The occasional surface location of alkaline phosphatase in some fibers may be related to this signal and may indicate the expansion of thinner fibers with circumferential apposition in response to brief loading.

Immunostaining for tenascin indicates that it adopts a highly characteristic bead pattern, the linear alignment of which is critical for normal development.

Adjacent to the periosteum surrounding the developing intramembranous bone, there are assemblages of Sharpey Fibers that apparently form a scaffold on which the new trabeculae assemble and the bone shaping event occurs.

The framework is recognized by antibodies and fibronectin, but these affinities disappear as the Sharpey Fibers surround themselves with calcified bone tissue.

However, staying in association is tenacity in a remarkable regular showdown. Intramembranous bone formation can only apparently continue in an orderly fashion towards maturity provided that tenascin specifically associates with Sharpey’s Fibers at this crucial stage.

In its absence, bone tissue is permanently destined to remain disorganized and immature, as is the case with fibrous dysplasia.

The preliminary framework appears to persist to maturity (absent from endochondrally derived bone) as periosteal myotendinous insertions of the Fibers of Sharpey.

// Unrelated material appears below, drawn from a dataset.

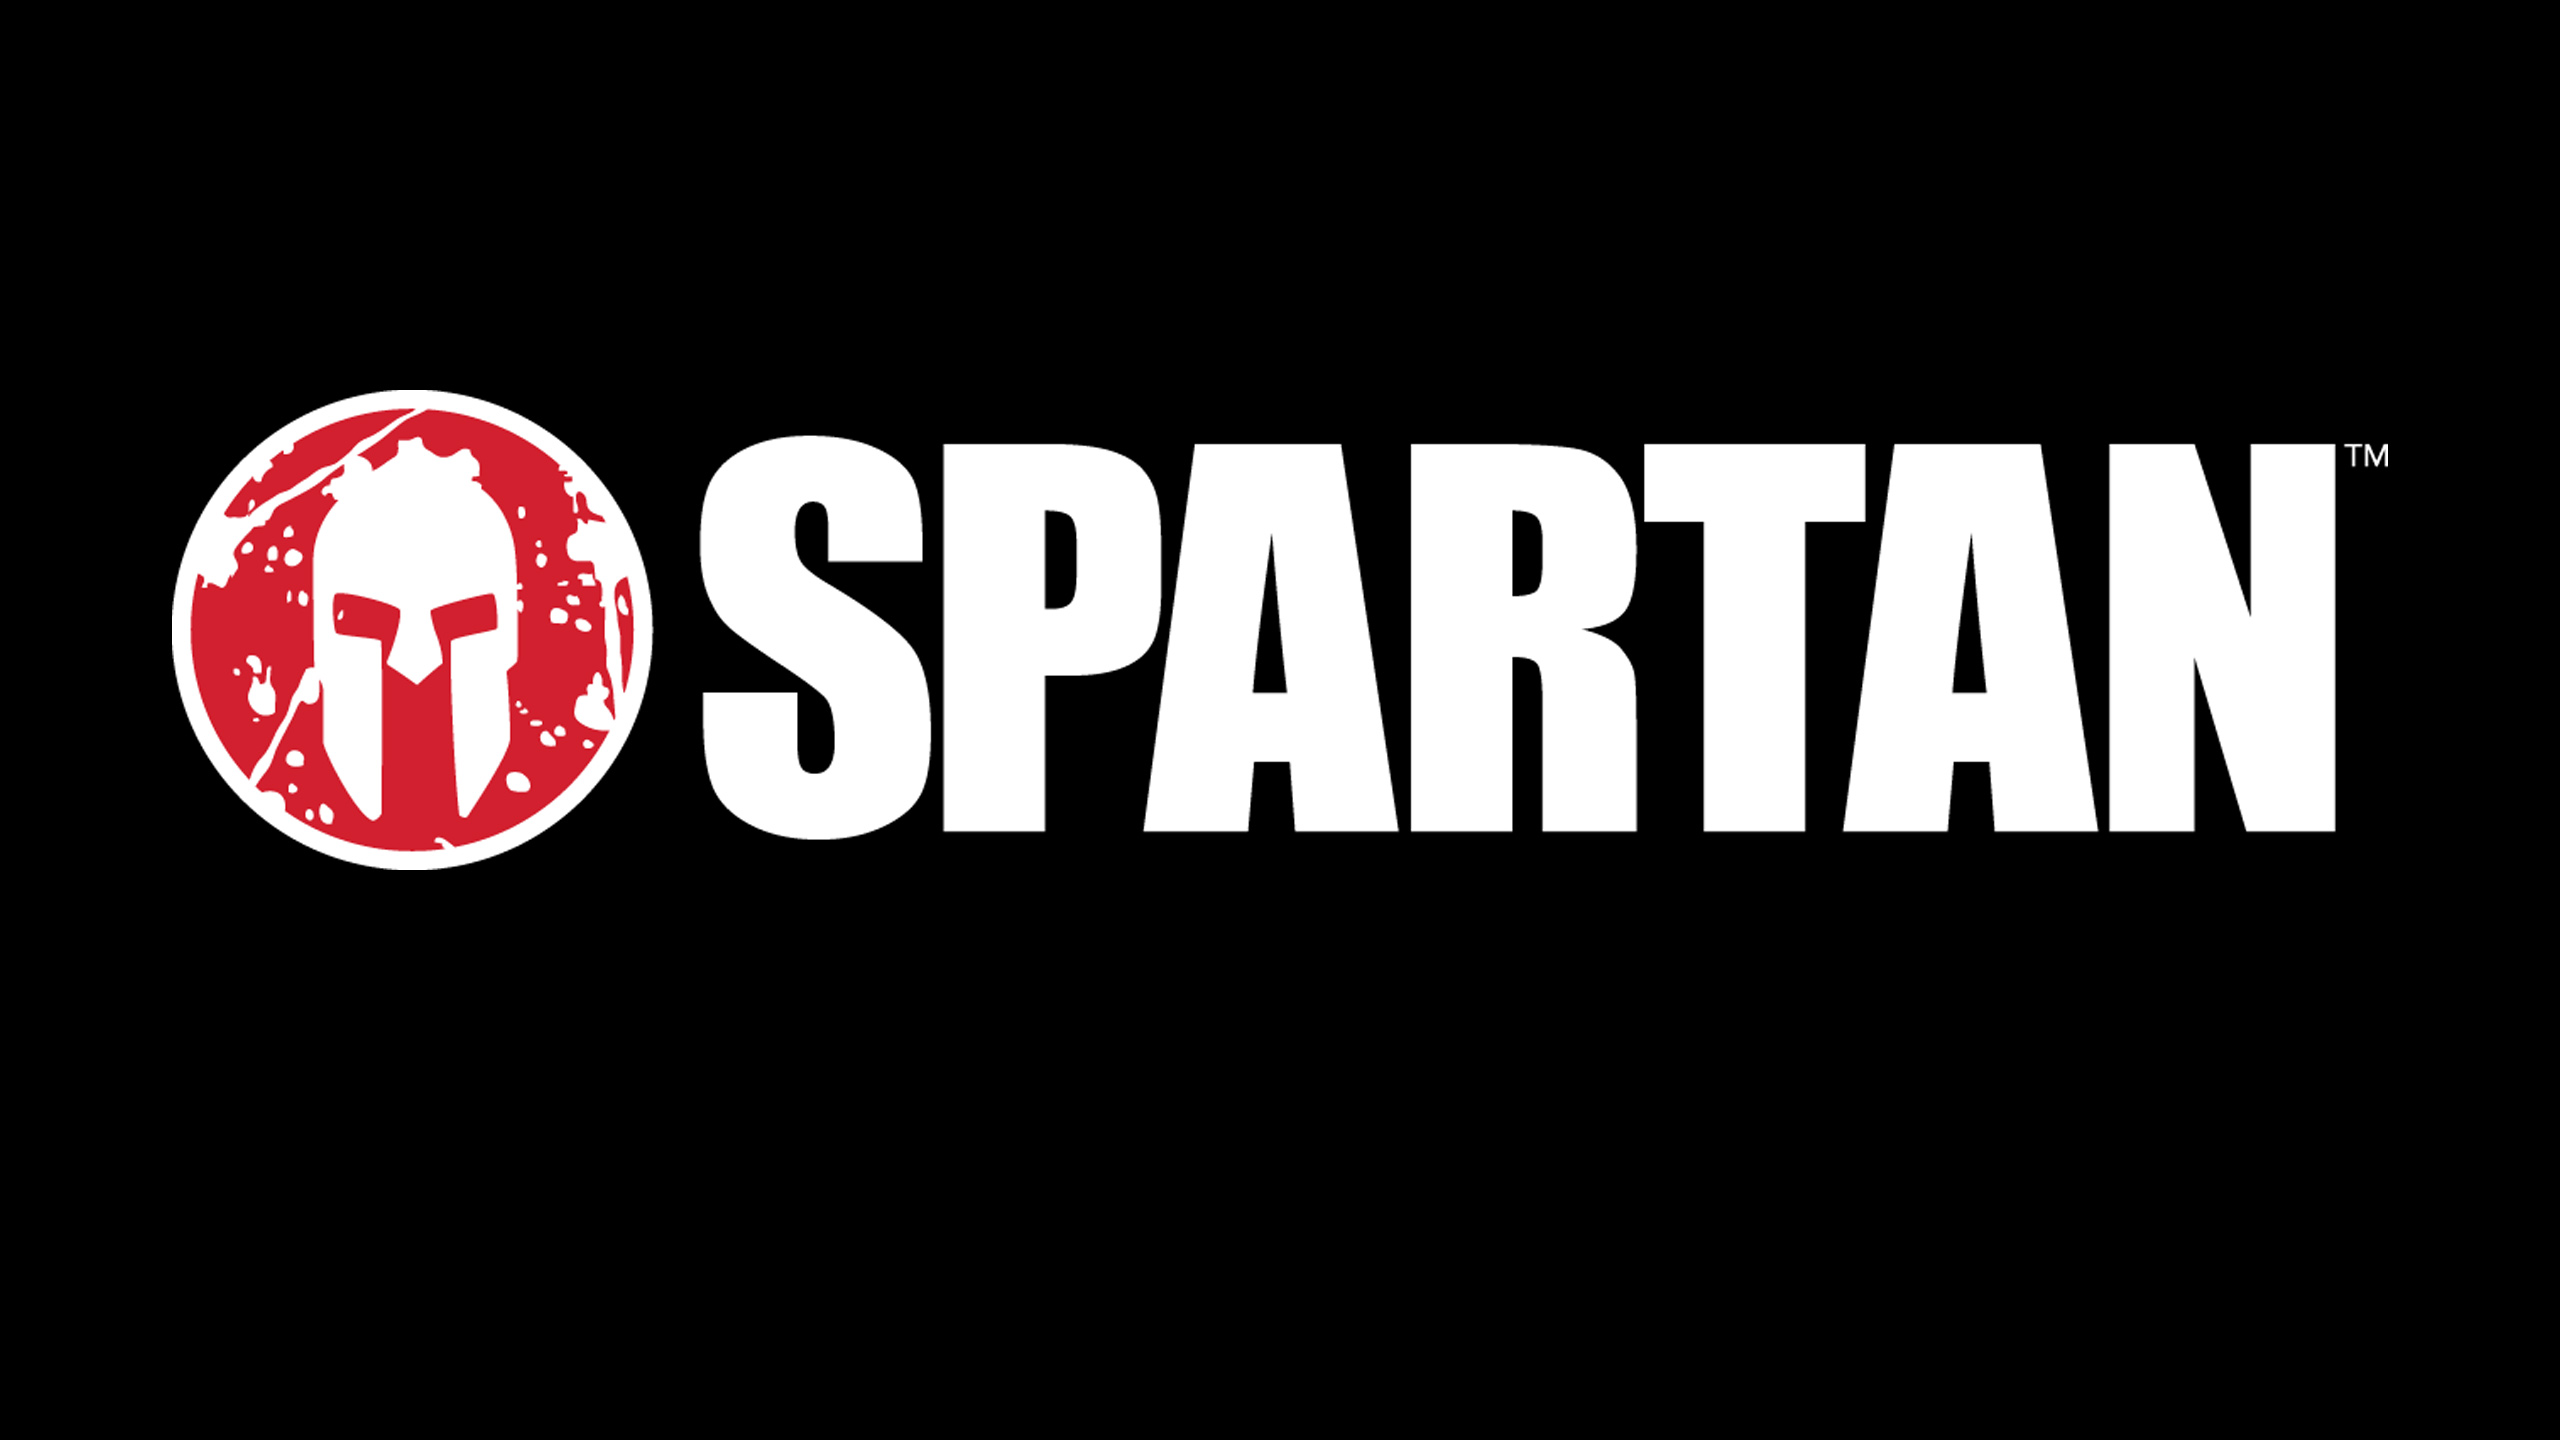 Spartan: The Championship Series

By providing this continuous and elastic intermediary between the developing musculature and the developing bone matrix, the CIII fibers can allow the translation of the stresses generated by the contractile tissues into compatible modeling and remodeling of the contiguous trabecular architecture in the anlagen femur.

It can be envisioned that understanding such interactions between organizing proteins (such as tenascin and fibronectin) and extracellular structures such as CIII fibers that are critical for early trabecular development in early life may lead to new strategies for restitution of the atrophied skeleton in stages. later life.

Sharpey Fibers in mature bone with aging

As an intermediary between soft muscle and hard bone, the periosteum is so susceptible to the passage of time.

With age, fibroblasts tend to synthesize more IC and less CIII, so that the overall CIII ratio is significantly lower than in young people.

In addition to this, increased collagenase production has been attributed to fibrocytes in some conditions and can cause fiber degradation over time.

In this way, the periosteum and its Sharpey Fiber appendage can change organically with age, and it can also change inorganically with implications for both musculoskeletal exchange and bone structural ‘quality’, making it more susceptible to calcification.